Chemicals and antibodies. 4-Hydroxytamoxifen (4-OHT) and CK2 inhibitors 4,5,6,7-tetrabromobenzotriazol (TBB) and dimethylamino-TBB (DMAT) were purchased from Calbiochem. Polyclonal antibodies against TIF-IA, RPA116, PAF53, TAFI95, and Cre recombinase have been described previously (16, 20, 39). Antibodies against FCP1, bromodeoxyuridine, Flag (M2), and anti-Flag M2-agarose were purchased from Sigma or Santa Cruz. Phosphospecific antibodies against TIF-IA phosphorylated at Ser44 or Ser170/172 were raised in rabbits by using phosphopeptides DFFNpSPPRKT (amino acids 40 to 49) and VDVpSDpSDDE (amino acids 167 to 175).

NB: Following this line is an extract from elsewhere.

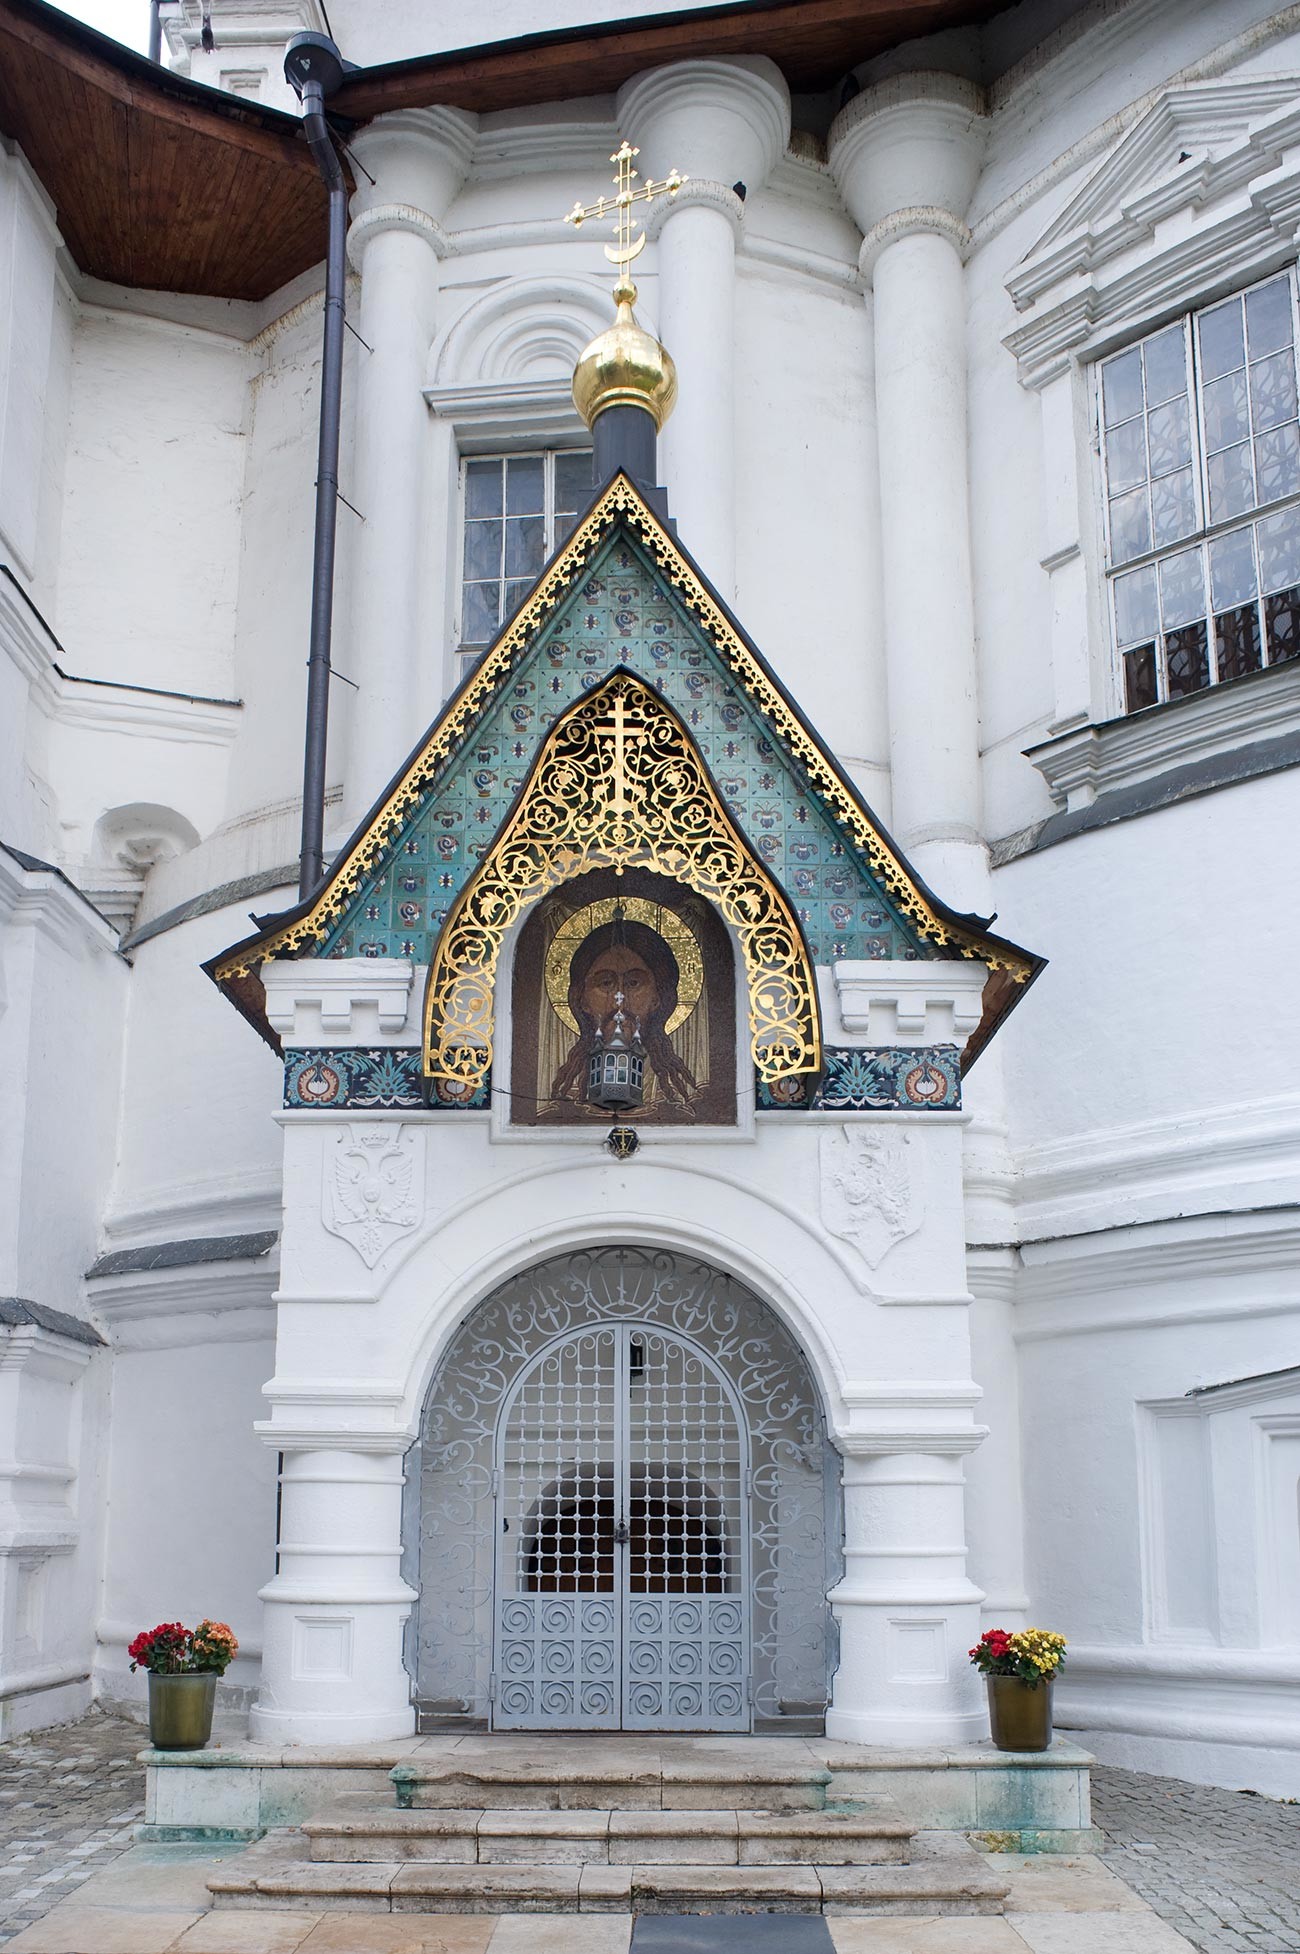 Novospassky Monastery, Transfiguration Cathedral. East facade with original entrance to Romanov burial crypt. August 18, 2013

Plasmids. The expression vector pcDNA3.1-3xFlag-TIF-IA and the corresponding point mutants contain cDNA encoding human TIF-IA (GenBank accession no. AJ272050) fused to a 5'-terminal triple-Flag sequence. TIF-IA/RPA43 was constructed by fusing TIF-IA to the N terminus of human RPA43 (GenBank accession no. BC130298). pMr600 harbors murine rDNA sequences from –324 to +292, and pHrP2-BH is an artificial ribosomal minigene containing a 5'-terminal human rDNA fragment (from –411 to +375) fused to two rDNA terminator elements. pHr-IRES-Luc-T4 is a similar minigene construct harboring human rDNA sequences from –411 to +314, the firefly luciferase gene with an internal ribosome entry site (IRES) sequence, a polyadenylation signal, and four rDNA terminator elements. Plasmids encoding Flag- or green fluorescent protein (GFP)-tagged FCP1 were a gift of B. Majello, Naples, Italy.

Transfections and retroviral infections. Transfection of HEK293T and NIH 3T3 cells with expression plasmids was performed by the calcium phosphate-DNA coprecipitation method. Transfection of small interfering RNAs (siRNAs) was performed with TransIT TKO reagent (Mirus). Expression of the pHr-IRES-Luc-T4 reporter in HEK293T cells was assayed after cotransfection with TIF-IA expression plasmids and pRL-TK (Promega), using the dual-luciferase reporter assay system (Promega). Cre-mediated depletion of TIF-IA was conducted as described previously (44) or by infection of TIF-IAfl/fl murine embryonic fibroblasts (MEFs) with retrovirus coding for ERT2-tagged Cre recombinase (creERT2), followed by activation of creERT2 with 4-OHT. Ectopic TIF-IA was introduced into TIF-IAfl/fl MEFs by infection with pBabe-puro retrovirus containing Flag- or GFP-tagged TIF-IA, TIF-IAS170/172A, or TIF-IA/RPA43 cDNAs.

Tryptic phosphopeptide analysis and in vitro kinase phosphatase assays. Tryptic phosphopeptide mapping of metabolically labeled TIF-IA was performed as described previously (25). To phosphorylate TIF-IA in vitro, 200 ng of immunopurified Flag-TIF-IA was incubated with 250 units of CK2 (New England Biolabs) in reaction buffer containing 2.5 µCi [{gamma}-32P]GTP (5,000 Ci/mmol). After sodium dodecyl sulfate (SDS)-polyacrylamide gel electrophoresis and blotting, labeled TIF-IA was visualized by autoradiography. Dephosphorylation with immunopurified Flag-FCP1 was performed in buffer containing 50 mM Tris-HCl at pH 8.0, 10 mM potassium acetate, 0.1 mM EDTA, 0.5 mM dithiothreitol, 10 mM MgCl2, and 10% glycerol. The activity of Flag-FCP1 and calf intestinal alkaline phosphatase (CIAP) (Roche) was assayed in the same buffer supplied with 10 mg/ml p-nitrophenyl phosphate, and release of p-nitrophenyl was measured by spectrophotometry at 405 nm.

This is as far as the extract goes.